Yankees Feel Open Roof, Wind Swayed Game 2 After Another Night of Whiffs

New York has struck out 30 times across two ALCS losses to the Astros. But members of the Yankees thought wind played a pivotal part in Game 2.
Yankees Feel Open Roof, Wind Swayed Game 2 After Another Night of Whiffs
Yankees Feel Open Roof, Wind Swayed Game 2 After Another Night of Whiffs /

The Yankees came this close to changing Game 2 of the American League Championship Series when Aaron Judge went the opposite way off Astros reliever Bryan Abreu in the eighth inning on Thursday.

Judge hit a ball 345 feet and 106.3 miles per hour – hard and far enough to excite Yankees fans, but not enough to clear Minute Maid Park’s short right field wall. Houston right fielder Kyle Tucker caught the fly ball as he crashed into the wall, and the Yankees never scored again in a 3-2 loss.

Afterward, New York manager Aaron Boone said that he thought Minute Maid’s open roof – and the gusts of wind it invited into the ballpark – impeded the trajectory of Judge’s ball, which would have only been a home run at Yankee Stadium, per Statcast.

“I think the roof open kind of killed us,” Boone told reporters. “I think it's a 390 ball. I think it was like 106 at whatever. When I went out to take [starter Luis Severino] out, we noticed it a lot with Tucker's ball. The base hit he got to right, it kind of looked like it just went and stopped, and then I think [Judge’s is] a homer all the time.”

Boone went on to say he felt wind blowing across the field.

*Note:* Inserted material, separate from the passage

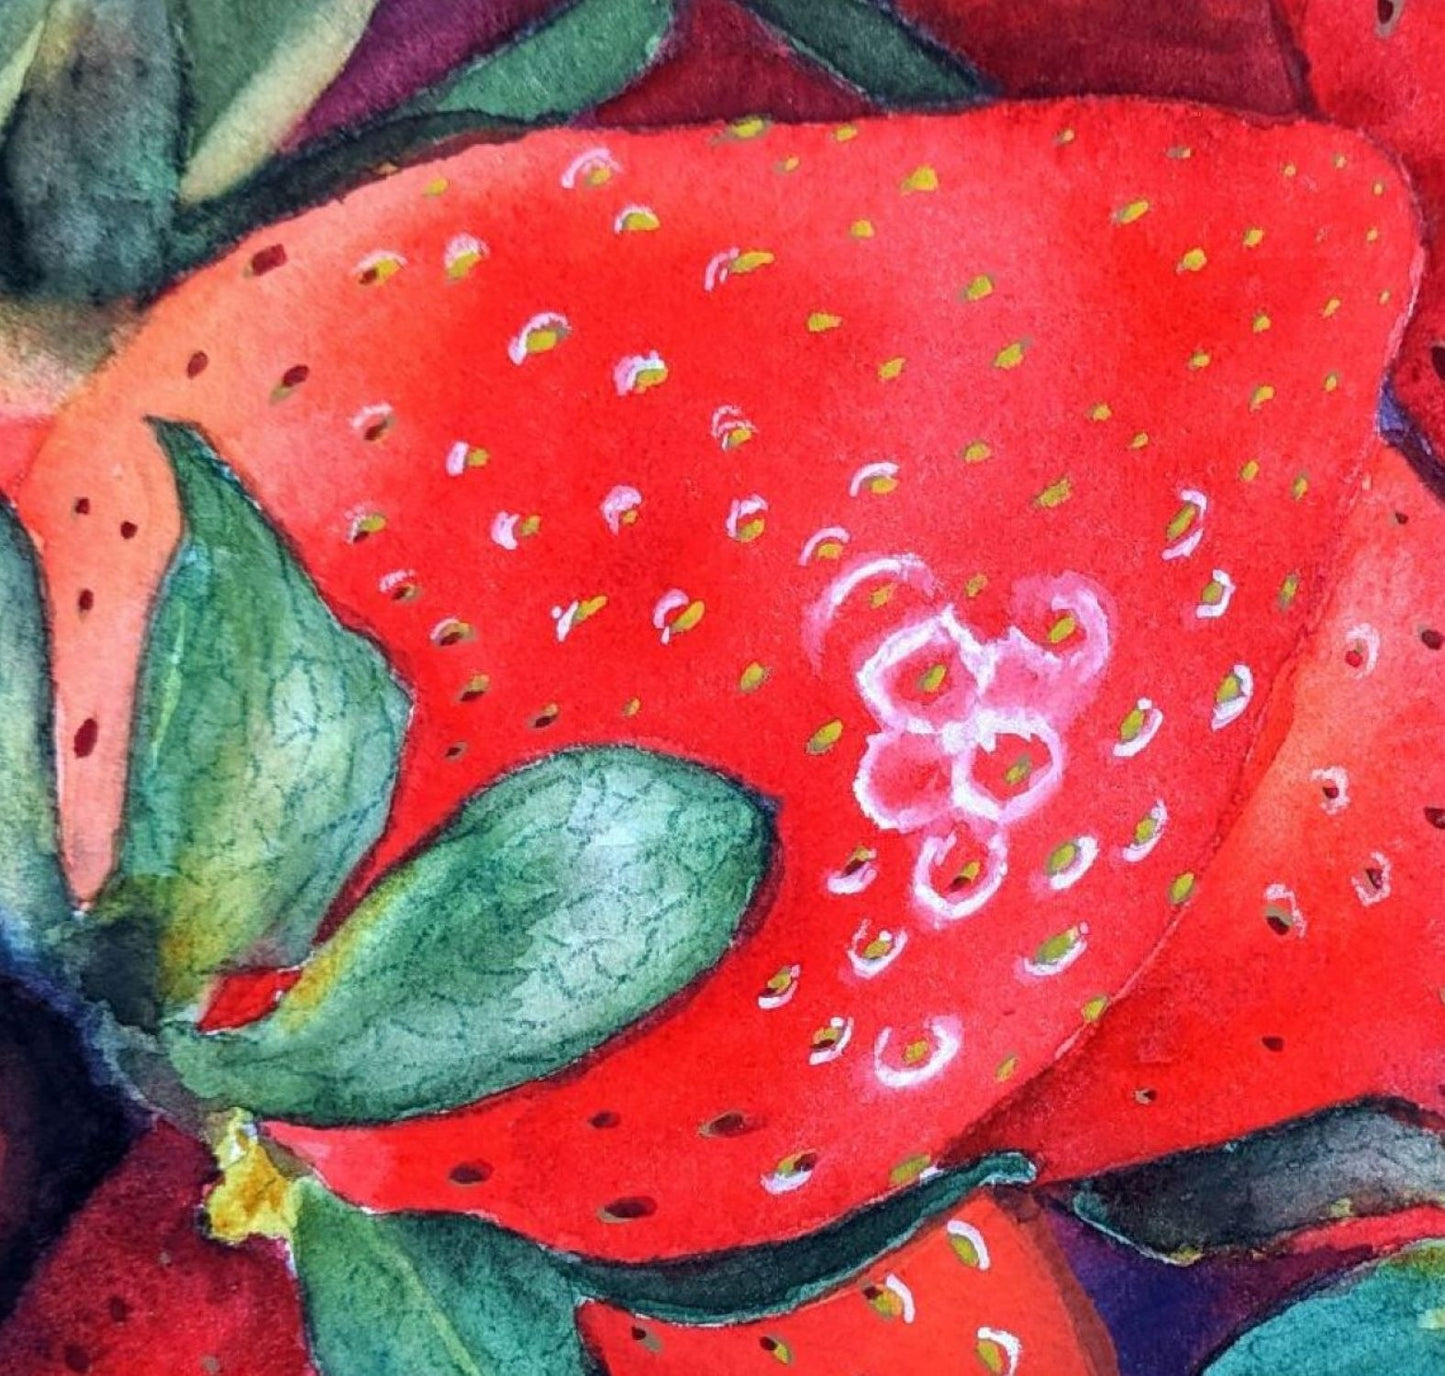 Strawberries watercolor painting detail

And while Judge told reporters that he hit the ball to the wrong part of the park given the conditions, Severino said the Astros “got lucky” after the team’s third baseman, Alex Bregman, homered off him on a pitch that went 360 feet at 91.8 miles per hour.

While the Yankees believe wind made an impact on the series, so have all the breezes their offense has created by swinging and missing.

New York has struck out 30 times over two games against the Astros, who got 25 whiffs from starter Framber Valdez on Thursday night. Justin Verlander induced 17 on Wednesday.

Houston, meanwhile, has only struck out eight times across two games.

So while the Yankees may be lamenting the outcome on Judge’s ball, their lineup has bigger problems to worry about as they get ready for Game 3 in the Bronx on Saturday.

“They're about as tough as there is to score against,” Boone said of the Astros. “But we got to figure out a way, and it takes all of us from a gameplan standpoint to every guy in that lineup just doing their part to make it a little more difficult on 'em.”